假设我们使用基函数 $b_{1}(X)=X, b_{2}(X)=(X-1)^{2} I(X\geq 1)$ 拟合一条曲线。我们拟合线性回归模型

$$Y=\beta_{0}+\beta_{1} b_{1}(X)+\beta_{2} b_{2}(X)+\epsilon$$

并得到系数估计 $\hat{\beta}_{0}=1, \hat{\beta}_{1}=1, \hat{\beta}_{2}=-2$。在 $X=-2$ 到 $X=2$ 的范围内画出估计的曲线。
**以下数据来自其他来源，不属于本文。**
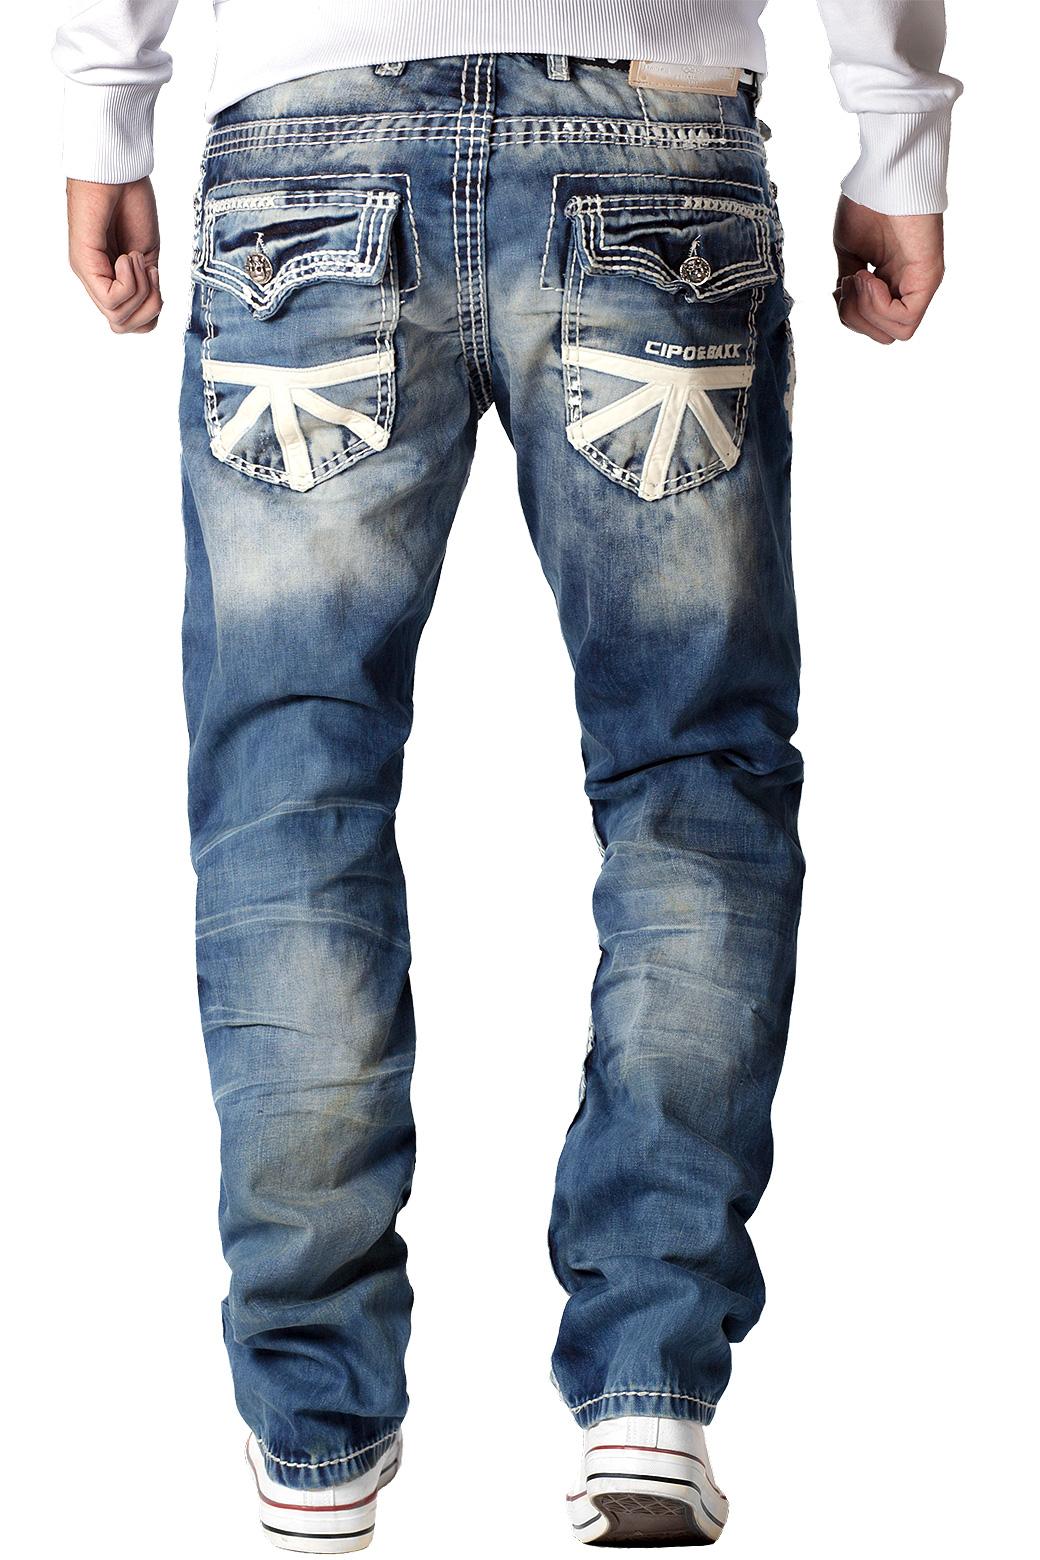 Cipo-amp-Baxx-Uomo-Jeans-Pantaloni-ricamate-Biker-Style-streetwear-nervature-pattern-Dope miniatura 10
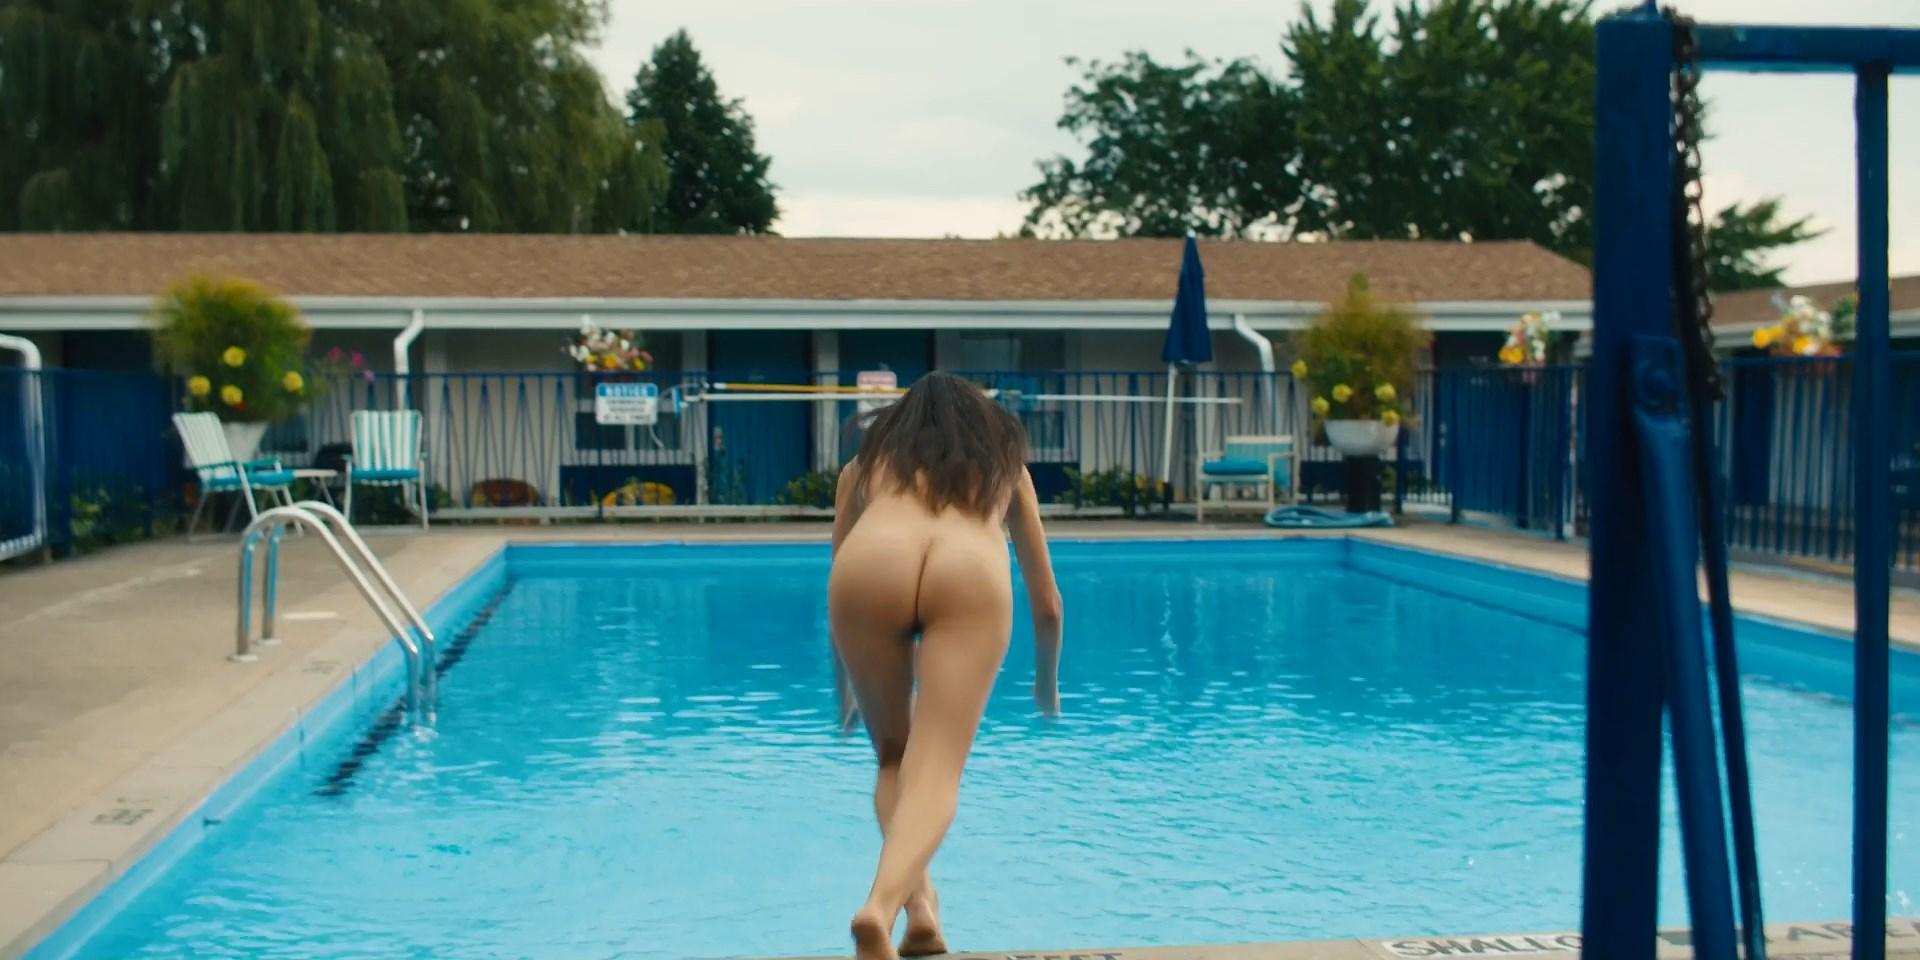 Elena Anaya nude - Jett s01e02 (2019)

注意截距、斜率和其他相关信息。

问题 10 的题解

第一步：写出估计曲线函数。
估计曲线为：

$$\hat{f}(X) = \hat{\beta}_0 + \hat{\beta}_1 b_1(X) + \hat{\beta}_2 b_2(X) = 1 + 1 \cdot X + (-2) \cdot (X-1)^2 I(X \geq 1)$$

由于指示函数的存在，该函数是分段定义的：

• 当 $X < 1$ 时：$\hat{f}(X) = 1 + X$（因为 $I(X \geq 1) = 0$）

• 当 $X \geq 1$ 时：$\hat{f}(X) = 1 + X - 2(X-1)^2$

第二步：简化 $X \geq 1$ 时的表达式。

$$\hat{f}(X) = 1 + X - 2(X^2 - 2X + 1) = 1 + X - 2X^2 + 4X - 2 = -2X^2 + 5X - 1$$

因此分段函数为：

$$\hat{f}(X) = \begin{cases} 1 + X & \text{若 } X < 1 \\ -2X^2 + 5X - 1 & \text{若 } X \geq 1 \end{cases}$$

第三步：曲线的关键特征。

• 当 $X < 1$ 时：

  • 这是一条斜率为 1、y 截距为 1 的直线。
  • 在 $X = -2$ 处：$\hat{f}(-2) = 1 + (-2) = -1$
  • 在 $X = 0$ 处：$\hat{f}(0) = 1 + 0 = 1$
  • 当 $X$ 从左侧趋近于 1 时：$\hat{f}(1) = 1 + 1 = 2$

• 当 $X \geq 1$ 时：

  • 这是一个开口向下的抛物线（因为 $X^2$ 的系数为负）。
  • 在 $X = 1$ 处：$\hat{f}(1) = -2(1)^2 + 5(1) - 1 = 2$（与直线部分连续）
  • 抛物线的顶点在 $X = -\frac{b}{2a} = -\frac{5}{2(-2)} = 1.25$ 处
  • 在顶点 $X = 1.25$ 处：$\hat{f}(1.25) = -2(1.25)^2 + 5(1.25) - 1 = 2.125$
  • 在 $X = 2$ 处：$\hat{f}(2) = -2(4) + 5(2) - 1 = 1$

• 连续性与可微性：

  • 曲线在 $X = 1$ 处连续，因为两段都给出 $\hat{f}(1) = 2$。
  • 当 $X < 1$ 时，导数为 $\hat{f}'(X) = 1$。
  • 当 $X > 1$ 时，导数为 $\hat{f}'(X) = -4X + 5$。
  • 在 $X = 1$ 处：左导数为 1，右导数为 -4(1) + 5 = 1。因此曲线在 $X = 1$ 处是光滑的（可微的）。

第四步：草图描述。
曲线从点 (-2, -1) 开始，以斜率 1 线性增加，直到点 (1, 2)。然后它继续为抛物线，上升到最大值点 (1.25, 2.125)，然后下降到点 (2, 1)。整个曲线是光滑的，没有尖角。